I was pretty convinced I knew the answer at this point, but wanted to test further. To show that the queue kept climbing in size, I reduced the IO overhead of the producer by a very simple expedient: change puts q.size to puts q.size if q.size % 1000 == 0 . And the results are astounding:

Thread 2: 29149
Thread 2: 29150
Thread 2: 29151
Thread 2: 29152
4370000
4370000
Thread 2: 29153
4371000
Thread 2: 29154
4371000

That’s right — when the printers had done 29K iterations, the producer had already enqueued 4.3 million additional items.

So we need a way to throttle the producer. Thinking about what I know about producer/consumer implementations, I realize this makes perfect sense: any sane producer/consumer implementation enforces a finite upper bound on the work pool size. So after a quick Google search for “ruby queue max size”, I find the SizedQueue class, and all is solved:

And the output looks sane :

100
Thread 1: 99801
100
Thread 2: 99802
100
Thread 1: 99803
100
Thread 2: 99804
100
Thread 1: 99805
100
Thread 2: 99806
100
Thread 2: 99808
99
Thread 1: 99807
100
Thread 2: 99809
99
Thread 1: 99810
100
Thread 2: 99811
100
...
Thread 1: 99989
10
Thread 1: 99990
9
Thread 1: 99991
8
Thread 1: 99992
7
Thread 1: 99993
6
Thread 2: 99988
5
Thread 2: 99995
4
Thread 2: 99996
3
Thread 2: 99997
2
Thread 2: 99998
1
Thread 1: 99994
0
Thread 2: 99999
0

And it took about 3.5 seconds.

So this definitely resolved the issue, but it’s not obvious WHY it happened in the first place. To understand that, we have to dive underneath the hood a little bit and talk about the Ruby Global VM Lock, or GVL (sometimes called, by people familiar with Python, the Global Interpreter Lock, or GIL). The GVL is a characteristic of the CRuby runtime that prevents any two threads from running simultaneously, even in separate cores.

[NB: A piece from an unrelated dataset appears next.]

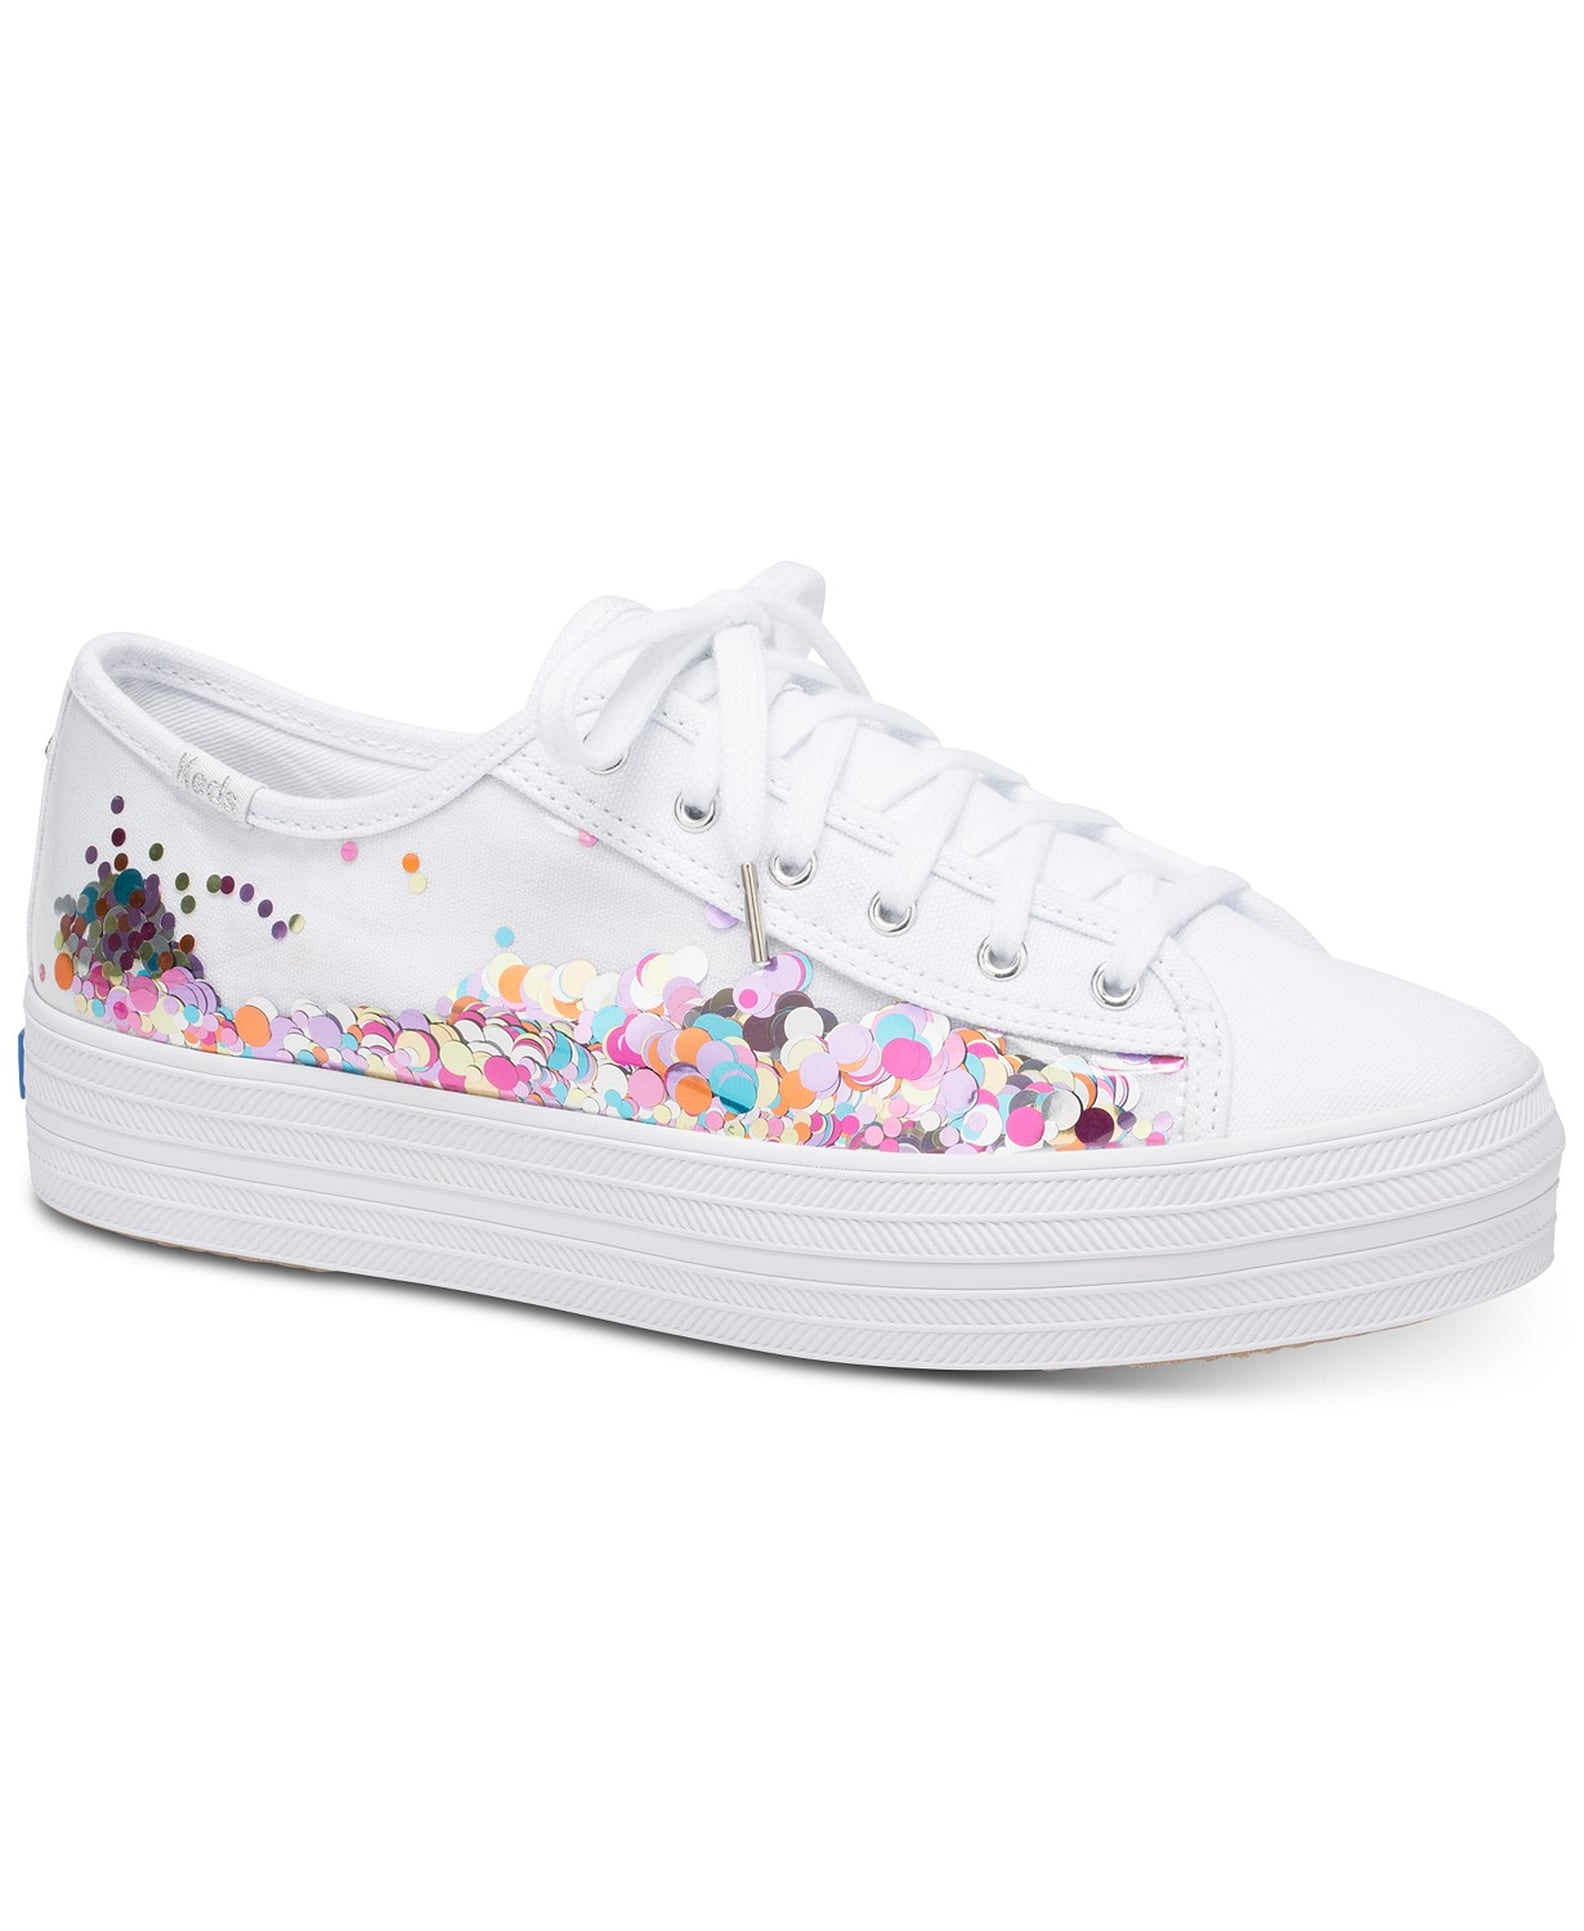 The Best, Cutest Women's Sneakers to Shop at Macy's | POPSUGAR Fashion

Instead, each thread is given a CPU quantum and gets it exclusively for that timeslice before getting preempted and the CPU getting handed to another thread. (In that regard it’s very similar to multithreading on a single core processor.) Any Ruby thread that blocks on IO or voluntarily goes to sleep is preempted, and the next waiting thread gets the CPU.

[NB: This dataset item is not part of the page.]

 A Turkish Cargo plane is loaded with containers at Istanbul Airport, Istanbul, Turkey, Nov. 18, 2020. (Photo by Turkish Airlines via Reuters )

What that means for our original t.rb script is is that the producer, because it never put itself to sleep or blocked on IO, got to run at full throttle, while the printers voluntarily relinquished the vast majority of their timeslice by blocking on IO (or a mutex). When we added printing to the producer, it also began relinquishing its timeslice, so the printers ran much more quickly because they started receiving a fairer proportion of the CPU. By switching to the SizedQueue, we forced the same behavior by having the producer block whenever the queue filled up.

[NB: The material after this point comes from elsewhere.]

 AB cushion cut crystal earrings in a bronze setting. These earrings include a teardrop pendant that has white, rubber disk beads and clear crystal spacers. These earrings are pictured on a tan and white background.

Just to validate that this was, in fact, the explanation, I installed JRuby and ran the initial t.rb within IRB. As expected, it appeared to run very fast. Why is that? Because JRuby lacks a GVL — it’s a Java JVM-based Ruby runtime, and has full support for actual concurrency. So on my multi-core machine, all three threads can have the CPU at the same time — so when one printer releases the mutex, the other thread can wake up almost instantly, instead of having to wait on the producer to finish its timeslice before getting the processor.

So in the end it turns out Ruby multithreading isn’t slow — I just had some learning to do.